### The data
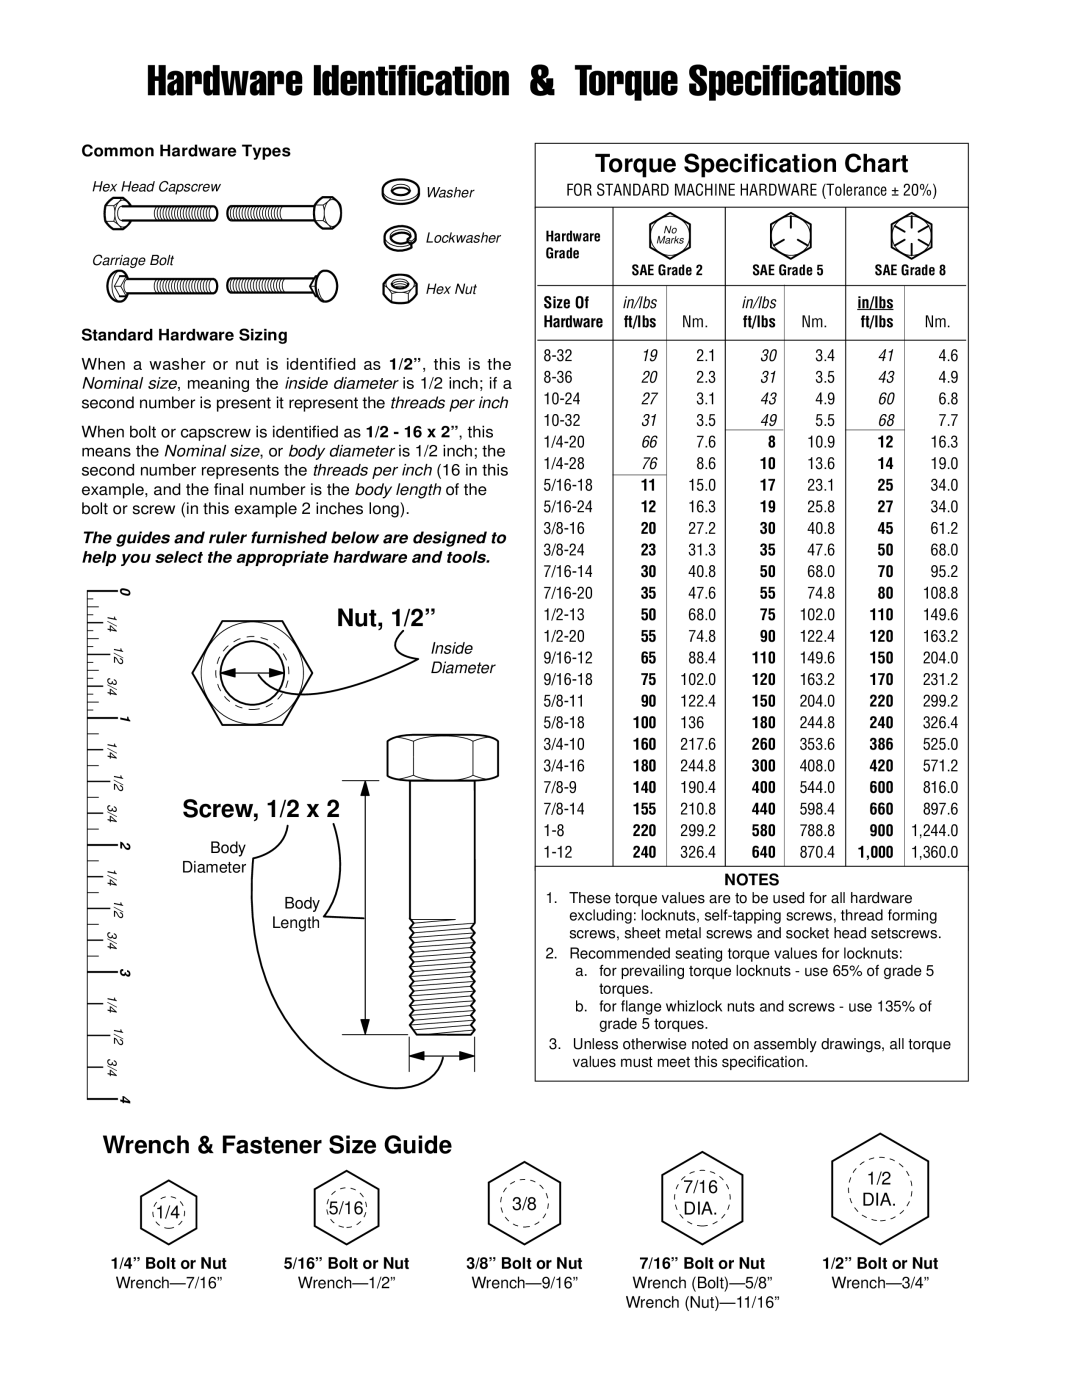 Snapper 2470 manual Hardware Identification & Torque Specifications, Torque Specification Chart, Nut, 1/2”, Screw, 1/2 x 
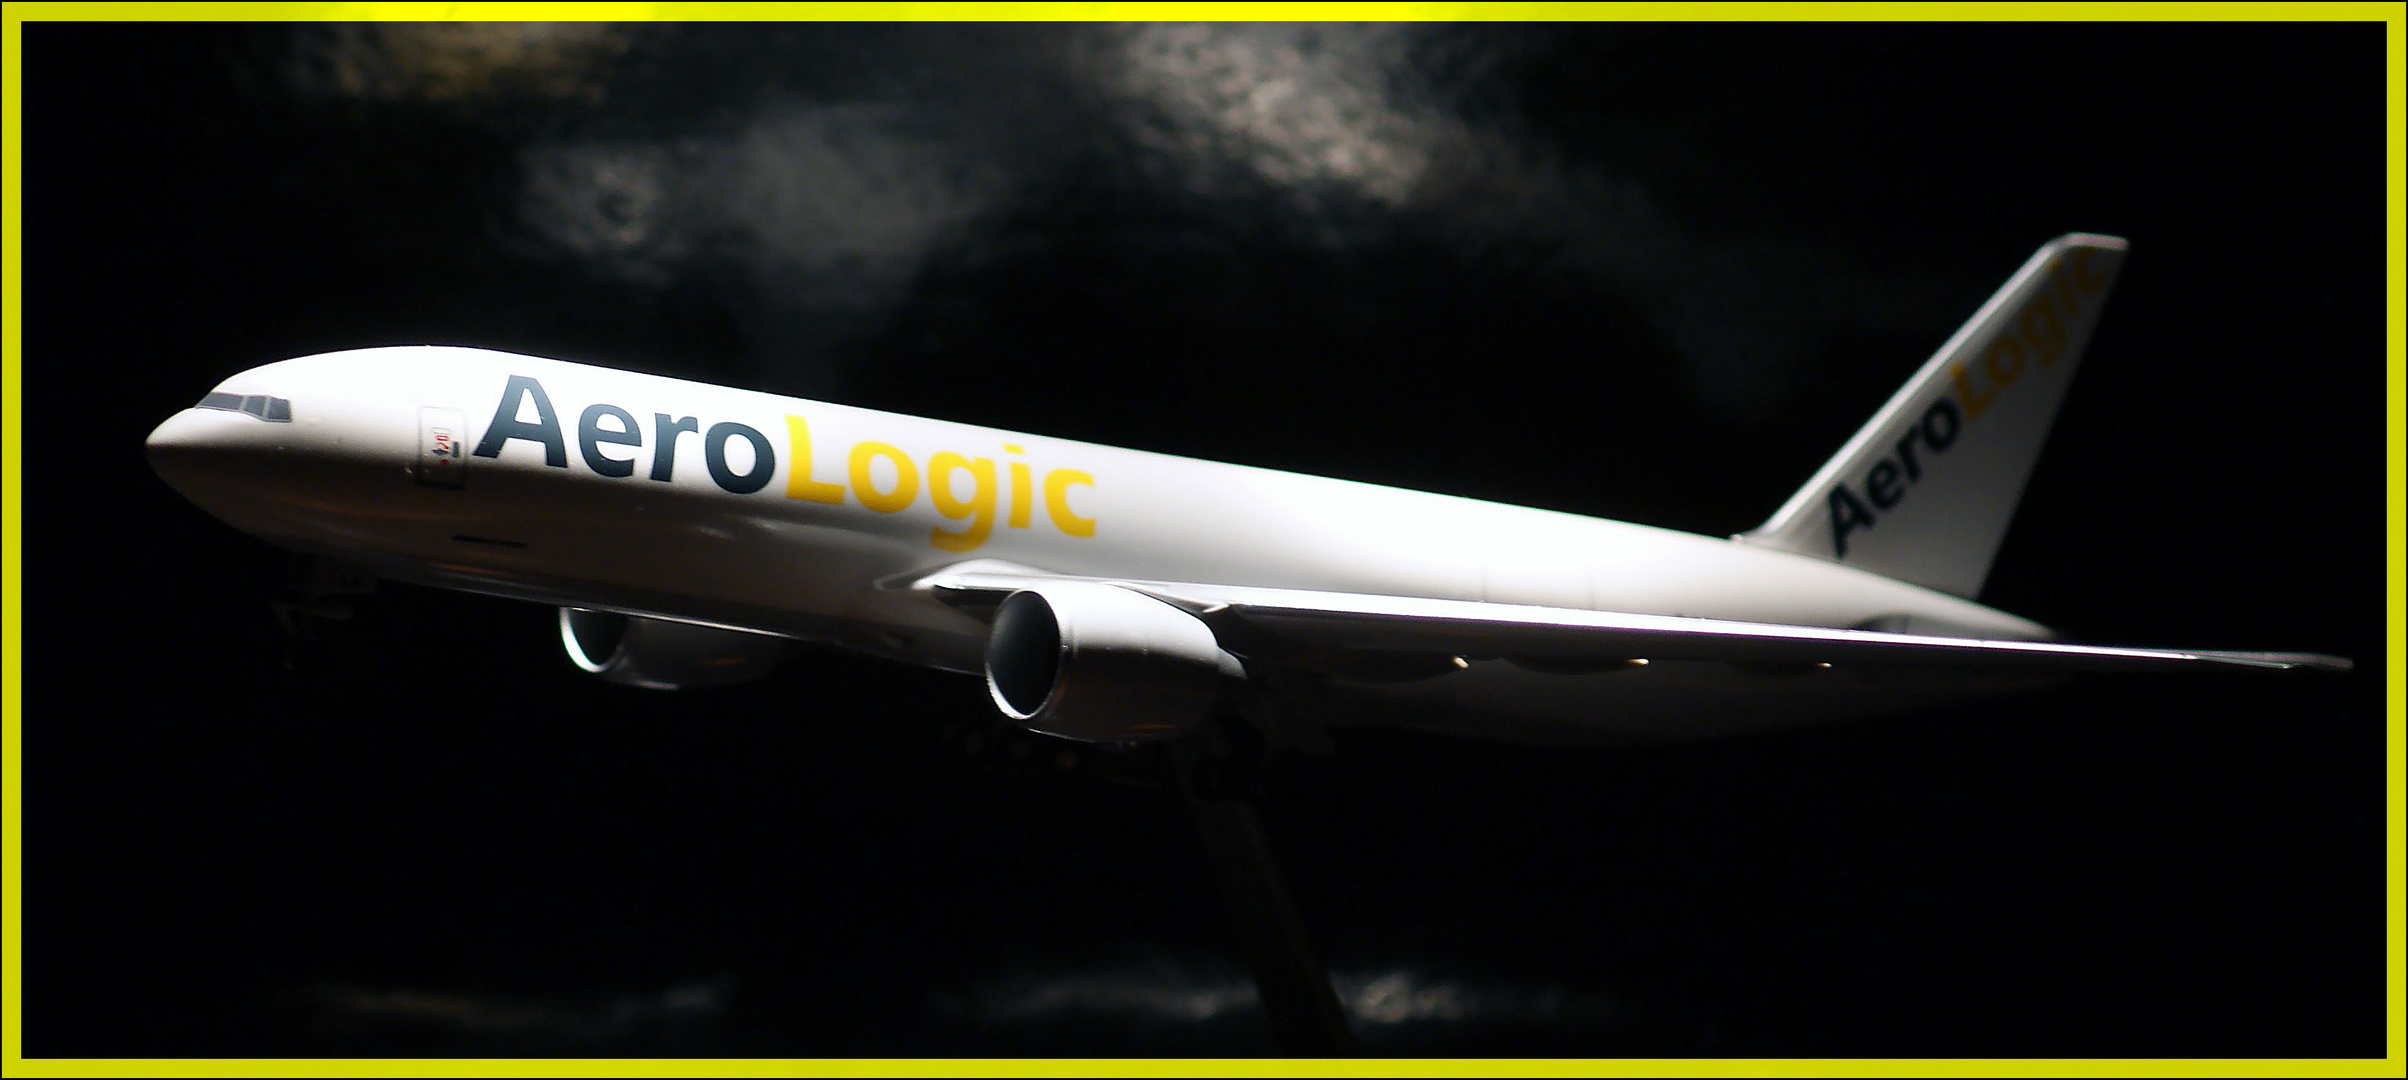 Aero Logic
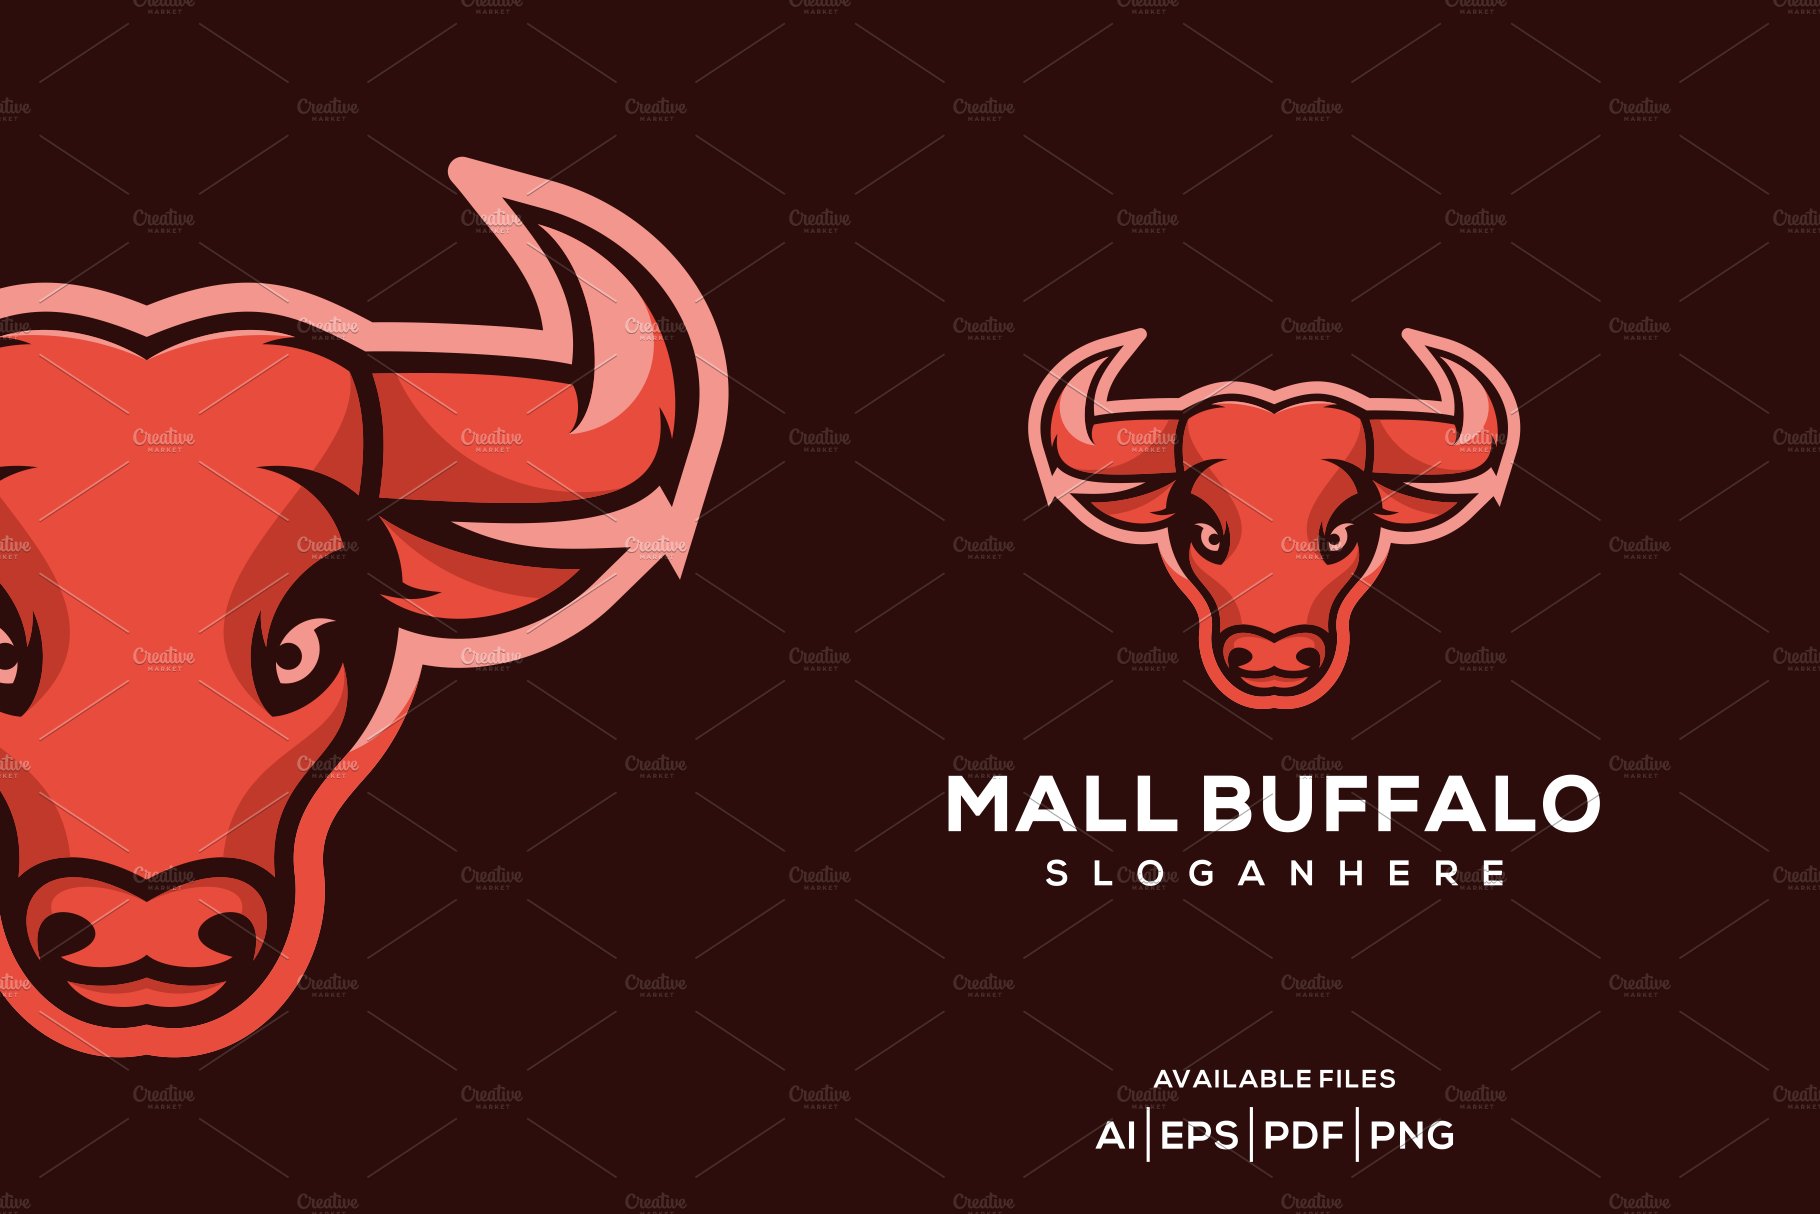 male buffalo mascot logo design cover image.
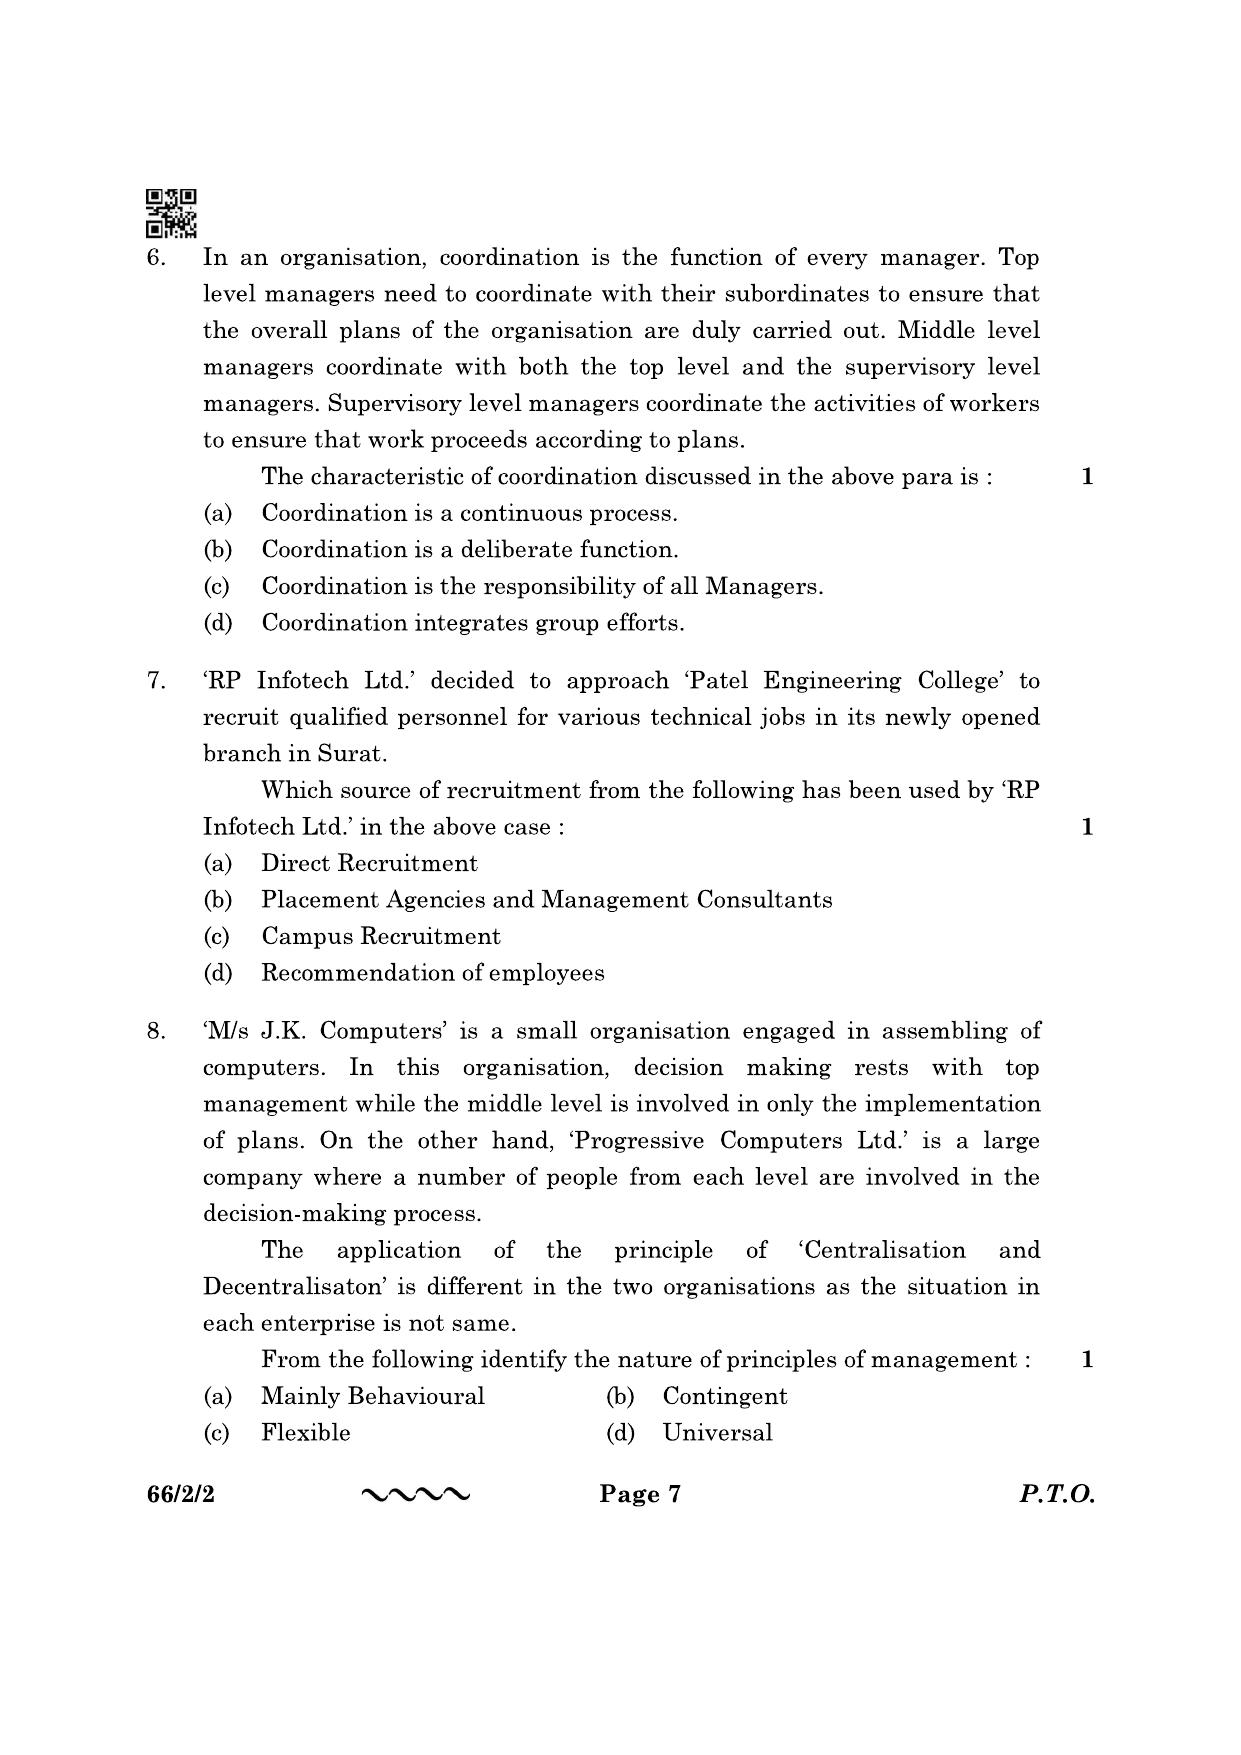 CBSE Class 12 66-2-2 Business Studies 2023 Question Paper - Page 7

### Exercise aim
Reproduce all the material exactly, omitting images.

### Exercise answer
 Snapper 2470 manual Hardware Identification & Torque Specifications, Torque Specification Chart, Nut, 1/2”, Screw, 1/2 x 
 Aero Logic
 male buffalo mascot logo design cover image.
 CBSE Class 12 66-2-2 Business Studies 2023 Question Paper - Page 7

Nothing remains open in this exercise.